Sin embargo, no todo objeto es susceptible de ser inscrito en este circuito auto-afectivo de consumo interior. El proceso de idealización encuentra su propio límite en aquellos objetos a los que no es posible arrancar de su existencia material, aquellos objetos que portan consigo un resto irreductible, donde la representación artística no consigue, en nuestra sensación, distinguirse de la naturaleza del objeto real. Tal sería, como anota Kant en el parágrafo 48, el caso de lo que produce “asco”:  

El arte bello muestra precisamente su excelencia en que describe como bellas, cosas que en la naturaleza serían feas o desagradables. Las furias, enfermedades, devastaciones de la guerra, etc., pueden ser descritas como males muy bellamente, y hasta representadas en cuadros; sólo una clase de fealdad no puede ser represen-tada conforme a la naturaleza sin echar por tierra toda satisfacción estética, por tanto, toda belleza artística, y es, a saber, la que despierta asco, pues como en esa extraña sensación, que descansa en una pura figuración fantástica, el objeto es representado como si, por decirlo así, nos apremiara para gustarlo [als ob er sich zum Genüsse aufdränge], oponiéndonos nosotros a ello con violencia, la representación del objeto por el arte no se distingue ya, en nuestra sensación de la naturaleza, de ese objeto mismo [so wird die künstliche Vorstellung des Gegenstandes von der Natur dieses Gegenstandes selbst in unserer Empfindung nicht mehr unterschieden], y entonces no puede ya ser tenida por bella. (KANT, 2013, p. 255-256).       

 

En términos psicoanalíticos, habría que decir que es precisamente la falta del objeto (la suspensión de su existencia material) lo que en la experiencia traumática del asco falta[4]; dicho de otro modo, que la raíz de la angustia padecida aquí por el sujeto estaría en realidad en la presencia rebelde y excesiva de un objeto que de súbito se (le) impondría, obligándolo con ello a experimentar un goce por fuera del contrato epistemológico del marco categorial, un goce violento, situado en las antípodas de la universalidad estética, que tomaría al sujeto por  asalto en tanto que pura singularidad o ‘nuda haecceidad’. “En lo asqueroso —escribe Pablo Oyarzún— no podemos relacionarnos con la imagen como imagen, sino como (inmediatamente) real.” (OYARZÚN, 2008, p. 21).

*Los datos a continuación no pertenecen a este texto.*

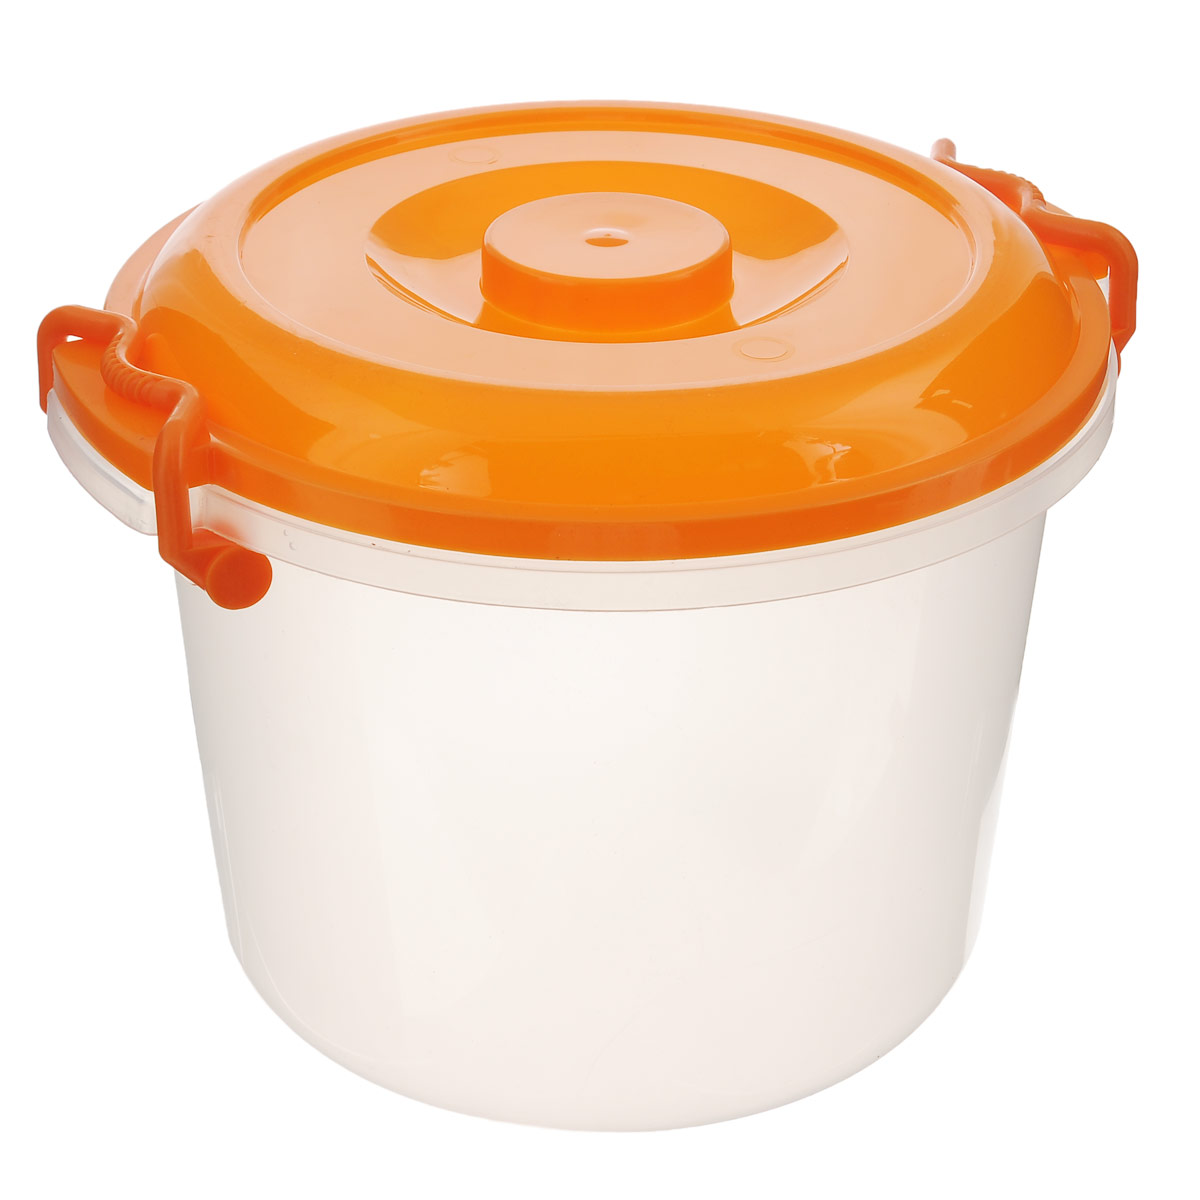 Контейнер Альтернатива, цвет: оранжевый, прозрачный, 8 лМ098Контейнер Альтернатива изготовлен из высококачественного пищевого пластика. Изделие оснащено крышкой и ручками, которые плотно закрывают контейнер. Также на крышке имеется ручка для удобной переноски. Емкость предназначена для хранения различных бытовых вещей и продуктов.Такой контейнер очень функционален и всегда пригодится на кухне.Диаметр контейнера (по верхнему краю): 25 см. Высота контейнера (без учета крышки): 21 см. Объем: 8 л.

Así, la experiencia del asco no sería sino el resultado de un desborde del campo subjetivo, un fracaso del proceso controlado de simbolización estética[5]. Ante este tipo de objetos, que arruinan el trabajo de duelo por su condición radicalmente heterogénea e inasimilable, la única respuesta es el vómito (DERRIDA, 1981, p. 21). Lo que produce asco nunca puede ser comunicado o transformado en mera forma. Para el sujeto, en realidad, no habría propiamente una “experiencia” del asco pues éste permanece en todo momento como un afuera que no puede ser apropiado por ningún espacio interior, como aquello que el sujeto no podría nunca llegar a dominar. Como anota Oyarzún, el afecto del asco resulta de la presencia de un exceso que “descompone” al sujeto, alterando con ello profundamente la economía libidinal esbozada por la tercera Crítica: “Lo excesivo es, precisamente, lo propio de lo asqueroso, propio de una propiedad que no puede ser situada ni subjetiva ni objetivamente, y que trastorna de raíz toda la economía del placer y del goce, centrada en la afirmación de sí.” (OYARZÚN, 2008, p. 20).

Sin embargo (y este “sin embargo” debe ser leído en función del “sin embargo” abierto por la excepción del asco kantiano), el pasaje que hace un momento cité de La verdad en pintura permite pensar la experiencia estética de acuerdo a lo que concebiré, al menos a título de hipótesis provisoria, como una “segunda versión” de lo bello en — o tal vez contra — Kant. Si, como vimos hace un momento, la primera versión postula la belleza como un espacio de pura interioridad auto-afectiva y, correlativamente, al objeto que produce asco como lo único capaz de resistirse a ser parte de este consumo ideal en la economía de lo bello, en esta segunda versión esa oposición sería deshecha para convertir al objeto bello precisamente en aquello que nunca puede ser asimilado, en aquello que se niega a tomar un lugar en el espacio interior del sujeto.[6] Desde esta perspectiva, la belleza, precisamente por no estar nunca disponible para ser del todo consumida o digerida por el sujeto, estaría situada en realidad del lado de la experiencia del asco — aunque sin confundirse con ella —, del lado de aquello que trastorna el campo subjetivo con la huella de una alteridad inapresable, irreductible[7].          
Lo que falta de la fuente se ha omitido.